1. Bobcat Company, U.S.-based manufacturer of industrial equipment, just purchased a Korean company that produces plastic...

1. Bobcat Company, U.S.-based manufacturer of industrial equipment, just purchased a Korean company that produces plastic nuts and bolts for heavy equipment. The purchase price was Won7,500 million. Won1,000 million has already been paid, and the remaining Won6,500 million is due in six months. The current spot rate is Won950/$, and the 6-month forward rate is Won975/$. The six-month Korean won interest rate is 8% per annum, the six-month US dollar rate is 6% per annum. Bobcat can invest at these interest rates, or borrow at 2% per annum above those rates. A six-month call option on won with a 1,000/$ strike rate has a 2.0% premium, while the six-month put option at the same strike rate has a 1.4% premium.
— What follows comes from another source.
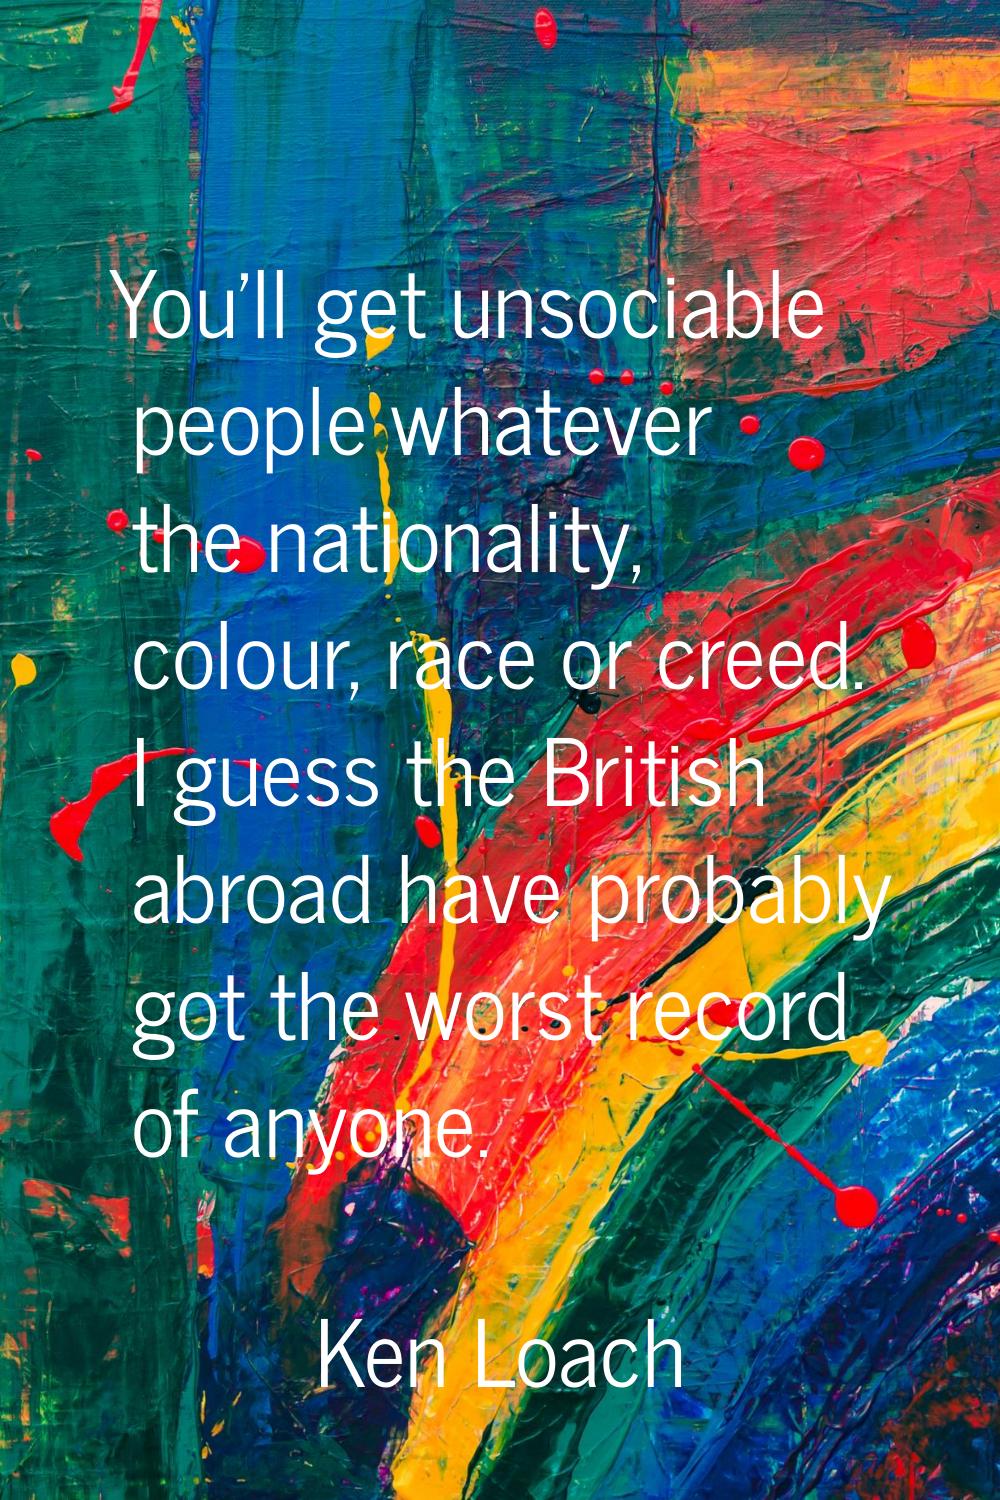 You'll get unsociable people whatever the nationality, colour, race or creed. I guess the British a

Bobcat can invest at the rates given above, or borrow at 2% per annum above those rates. Bobcat's weighted average cost of capital is 12%. Compare alternate ways that Bobcat might deal with its foreign exchange exposure. What do you recommend and why?

Assumptions Values
Purchase price of Korean manufacturer, in Korean won 7,500,000,000
Less initial payment, in Korean won    (1,000,000,000)
Net settlement needed, in Korean won, in six months 6,500,000,000
Current spot rate (Won/$) 950
Six month forward rate (Won/$) 975
Bobcat's cost of capital (WACC) 12.00%
Options on Korean won: Call Option Put Option
     Strike price, won 1,000.00 1,000.00
     Option premium (percent) 2.000% 1.400%
United States Korea
Six-month investment (not borrowing) interest rate (per annum) 6.000% 8.000%
Borrowing premium of 2.000% 2.000% 2.000%
Six-month borrowing rate (per annum) 8.000% 10.000%


a. Refer to Instruction 10.1. If Bobcat decides to perform a money market (balance sheet) hedge, how many US dollars will in need at settlement in 6-months?

A. $6,587,947.

B.Won6,973,684.

C.Won6,578,947.

D.$6,973,684

b. Refer to Instruction 10.1. Bobcat chooses to hedge its transaction exposure in the forward market at the available forward rate. The required amount in dollars to pay off the transaction in 6 months will be:

A. $7,692,308.

B.$6,666,667.

C.$7,894,737.

D.$6,842,105.

2.

Brent Bush, CFO of a medical device manufacturer, BioTron Medical, Inc., was approached by a Japanese customer, Numata, with a proposal to pay cash (in yen) for its typical orders of ¥15,000,000 every other month if it were given a 2.0% discount. Numata's current terms are 30 days with no discounts. Using the following quotes and estimated cost of capital for Numata, Bush will compare the proposal with covering yen payments with forward contracts.
Spot rate, ¥/$ ¥111.40/$
30-day forward rate, ¥/$ ¥115.00/$
90-day forward rate, ¥/$ ¥116.40/$
180-day forward rate, ¥/$ ¥117.20/$
Numata's WACC 10.000%
BioTron Medical's WACC 12.000%

How much (in present value terms) will BioTron receive in US$s if Numata is given NO discount and exchange rate risk is managed using the 30-day forward contract? (Hint: Only consider one payment of Yen15,000,000.)

A.Yen130,435.

B.$129,143.

C.$130,435

D.Yen129,143.

Homework Answers

Answer #1

1 a)

With money market hedge, Bobcat borrows $ today for 6 months and converts them to Won today, and invests for 6 months in Won in such a way that Won 6500 million is available after 6 months

Amount in Won to be deposited today = Won 6500 million/ (1+0.08*6/12) = Won 6250 million

Amount of $ to be borrowed today = Won 6250 million/ ( Won 950/$) =$6.578947 million

Maturity amount of $ borrowing (at WACC) to be paid after 6 months

=6.578947 million * (1+0.12*6/12) =$6.973684 million or $6,973,684 (option D)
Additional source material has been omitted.